Без капитана, с опустевшей палубой, притихший и неуправляемый, шел на врагов мятежный корабль. Пушки его молчали, но на стеньге мачты по-прежнему развевался красный флаг. Оставалось каких-нибудь двести метров до «Грозового», когда еще один снаряд угодил в «Скорый» и разворотил ему корму. Миноносец дал крен и с заклиненным рулем повернул в сторону.
Через минуту «Скорый» с лязгом и грохотом выбросился на берег. Снаряды «Грозового» продолжали рваться, разметывая мешки, сложенные в бунты против агентства «Алмазов и К°». Над интендантским грузом поднялись клубы мучной пыли…
Я выбежал с корабля на стенку, отвязал шампуньку, привязанную к угольной барже. Со злобным отчаянием греб, направляясь к поврежденному миноносцу.
«Вынесу ее из пекла, уберегу от ареста, спасу, — стучало в крови, пульсировавшей бешеными толчками. — Никто не имеет права убить ее. Я пронесу ее мимо солдат и жандармов, и никто не посмеет остановить меня».
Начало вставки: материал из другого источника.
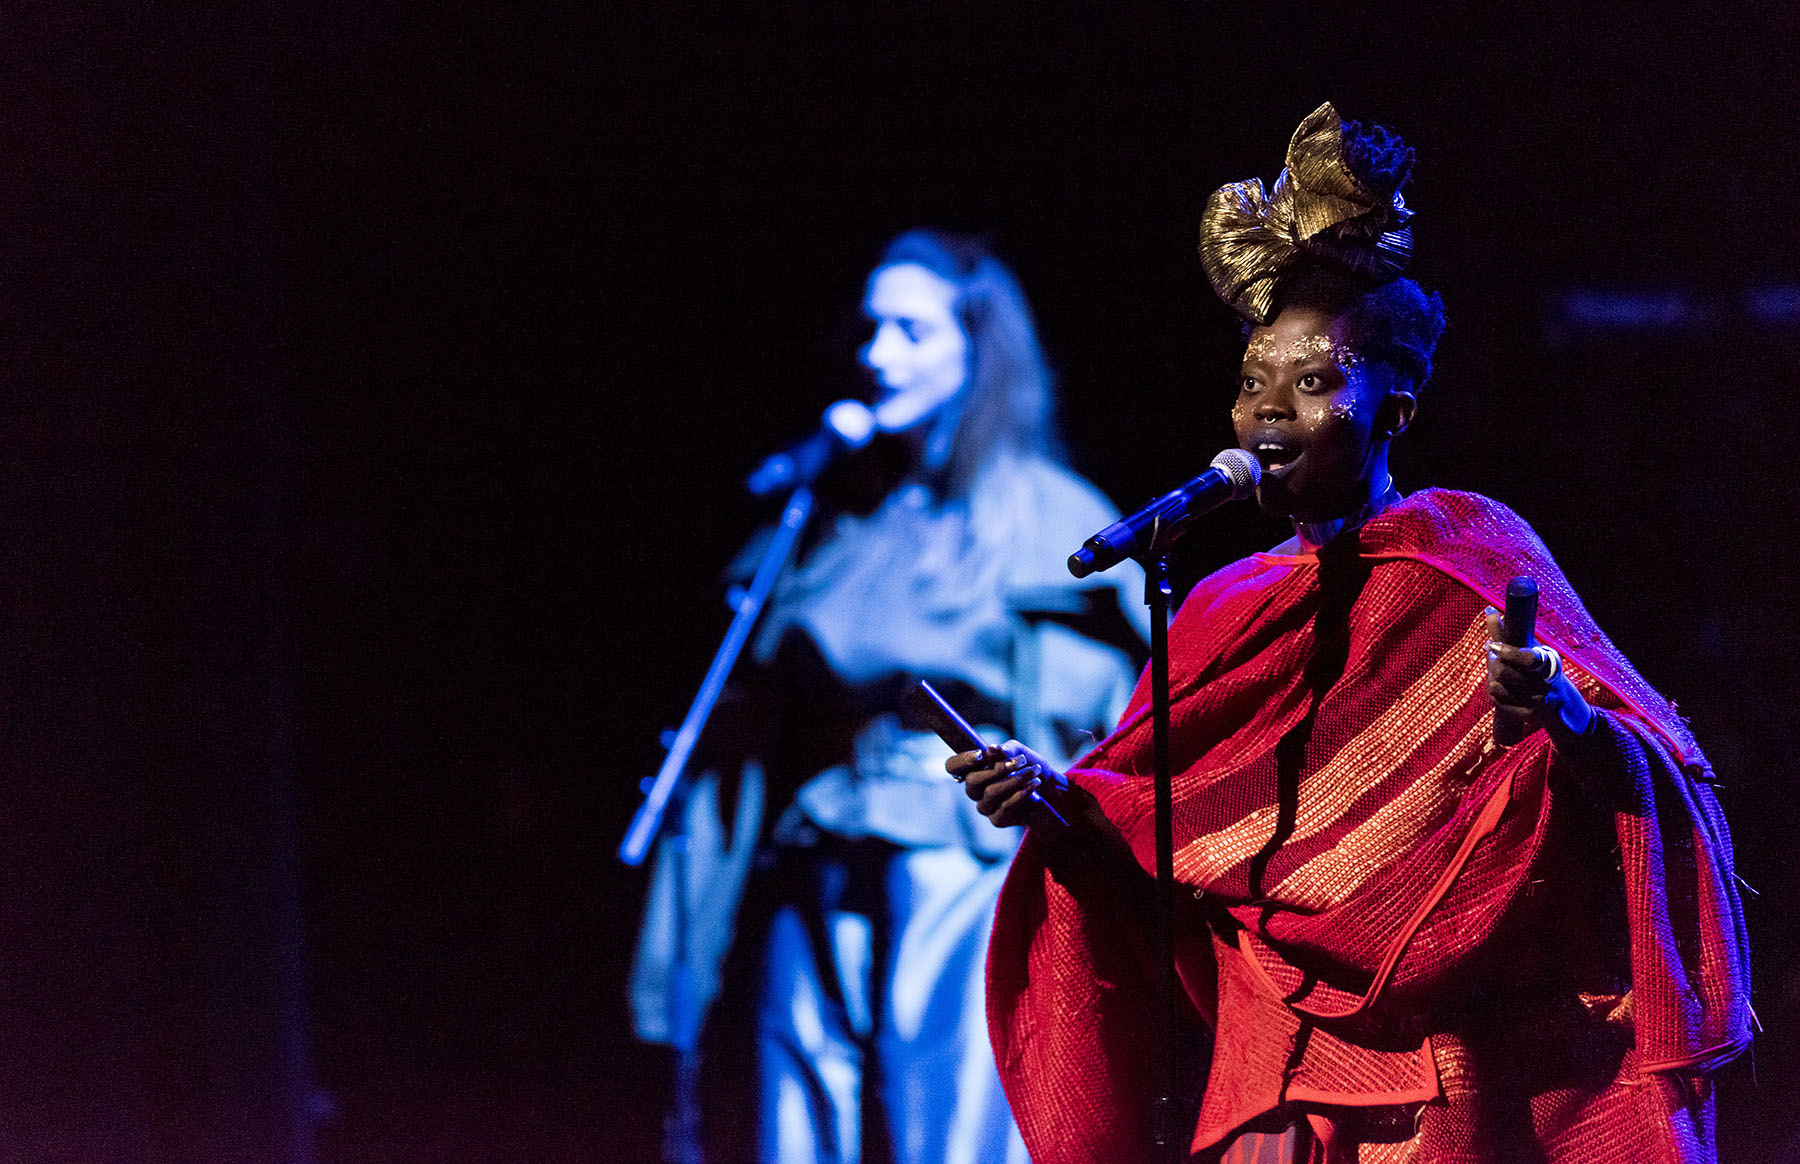 Ghanaian afrobeat and jazz singer-songwriter Jojo Abot performs with her band with backup vocalist Abbie Richards (left rear) at the fourth annual 'Africa Now!' presented by the Apollo Theater and World Music Institute at the Apollo Theater, New York, New York, Saturday, March 26, 2016. CREDIT: Photograph © 2016 Jack Vartoogian/FrontRowPhotos. ALL RIGHTS RESERVED.

У лестницы напротив памятника Невельскому трое жандармов кололи штыками рабочего, лежавшего на земле. Двое матросов в окрашенных кровью тельняшках лежали ничком. Иван Чарошников отбивался прикладом от наседавших жандармов. Незнакомый мне матрос полулежа стрелял из нагана в солдат, катившихся сверху. Лицо его было в крови, левая рука болталась, как плеть. По рукаву белой голландки бежала алая струйка. Все это показалось ненастоящим.
На изуродованном миноносце было много убитых. Я бегом поднялся на мостик. Свесив ноги, неловко подобрав под себя голову, лежал товарищ Костя в изорванной осколками кожаной куртке. Он был мертв.
В левом углу, разметав влажные черные волосы, лежала Вика. Лоб и щеки ее были мертвенно-бледны, глаза открыты. Они утратили живую черноту, сухо и слабо блестели. Я с ужасом понял, что значили обескровленный цвет лица и безвольные припухшие губы.
— Прости меня, Вика, — опустившись рядом с ней на колени, прошептал я.
Вика шевельнула рукой, но продолжала смотреть вверх незнакомым, отсутствующим взглядом. Я прижал ее маленькую руку к своему лицу. Рука была теплая. Я заметил, что рукав платья влажен от крови. Из-под спины расползлась алая лужица.
— Ты слышишь меня? — громко, испугавшись звука собственного голоса, позвал я.
Пальцы Вики слабо разжались, рука упала. Глаза смотрели безучастно, с покорным, неживым выражением. Сухой блеск в них потух.
«Умерла», — навалилось на меня неумолимо тяжелое, страшное. Я закрыл глаза Вики, встал.
«Что делать? Оставаться ли здесь, вернуться на «Безупречный»?»
Не отрываясь, всматривался я в странно изменившиеся дорогие черты, когда чья-то рука опустилась мне на плечо.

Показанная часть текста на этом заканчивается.